У них с дочерью есть и ещё одно заметное различие — у той уже появились друзья в школе, хоть одноклассников у и немного. Здесь, вдалеке от столицы, образование, в столь юном возрасте, на фоне пережитой миром трагедии, не является приоритетом для большинства родителей. Такое скорее позволяли себе люди навроде Армина, с непреодолимой тягой к знаниям.
И всё же, их дочь учится с большим удовольствием. Каждый вечер за ужином сообщает обо всём, о чём успела узнать: о том, как устроена Земля, какие животные на той живут, что находится в глубинах океана. О буквах, о цифрах, о метрах и граммах. Ей интересно всё на свете — и никто не учит её бежать и драться с такой силой, чтобы быть быстрее и сильнее врага. Не учат стрелять, не рассказывают, кого следует ненавидеть. Не просят написать рассказ об искуплении собственных грехов.
У неё есть время читать книги, рисовать, бегать себе в удовольствие. Есть время задавать глупые вопросы. Всё то, чего у Анни никогда не было.
— Мам, — тянет она её рукав, — Аманда говорит, что титаны — это выдумка!
— Не слушай Аманду, слушай учителя.
— Учитель говорит, что нам рано про такое знать.

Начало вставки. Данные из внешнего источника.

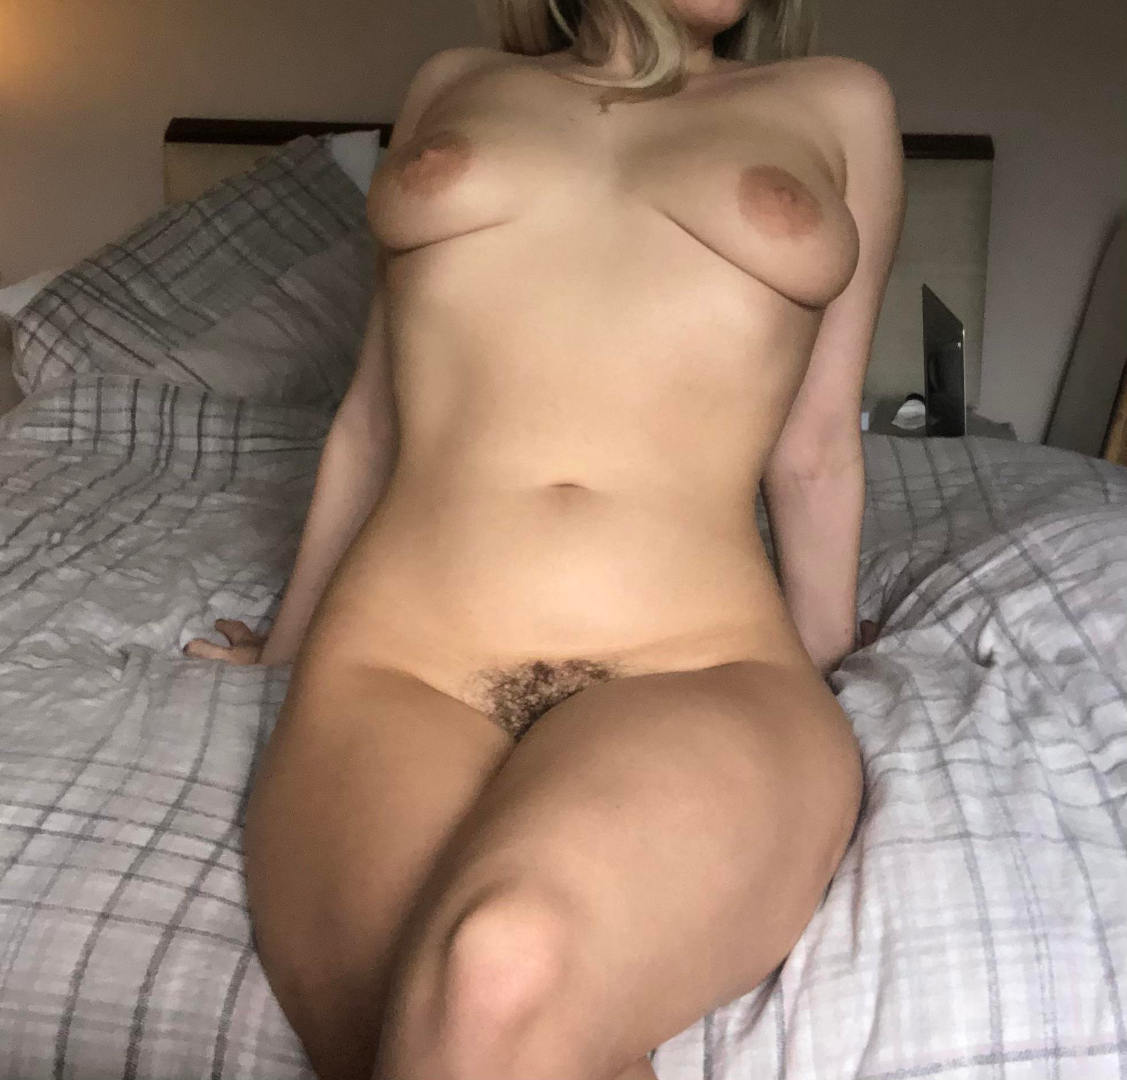 naked girls leaked 100

Анни невольно согласна, быть может, детям лучше и вовсе не знать больше нужного. Или может им всем притвориться, что такой напасти в мире не существовало? Конечно, она не верит, что такое возможно. Да и Армин сказал бы, что так нельзя, что нужно учиться на ошибках прошлого, раз те были совершены.
Ей вспоминается ощущение титанического тела — огромного, мощного, то было будто продолжением её собственного. Помнит, как от каждого шага сотрясалась земля, и оглушительный грохот издаваемый при этом. Пятки вдавливали почву, оставляя за собой глубокие следы, сила пронизывала каждую клеточку чудовищных мышц и горячей плоти. Мир вокруг становился меньше, особенно люди, те и вовсе были словно насекомые.
Анни спотыкается взглядом о собственную туфлю, голос дочери пробуждает её от наважения.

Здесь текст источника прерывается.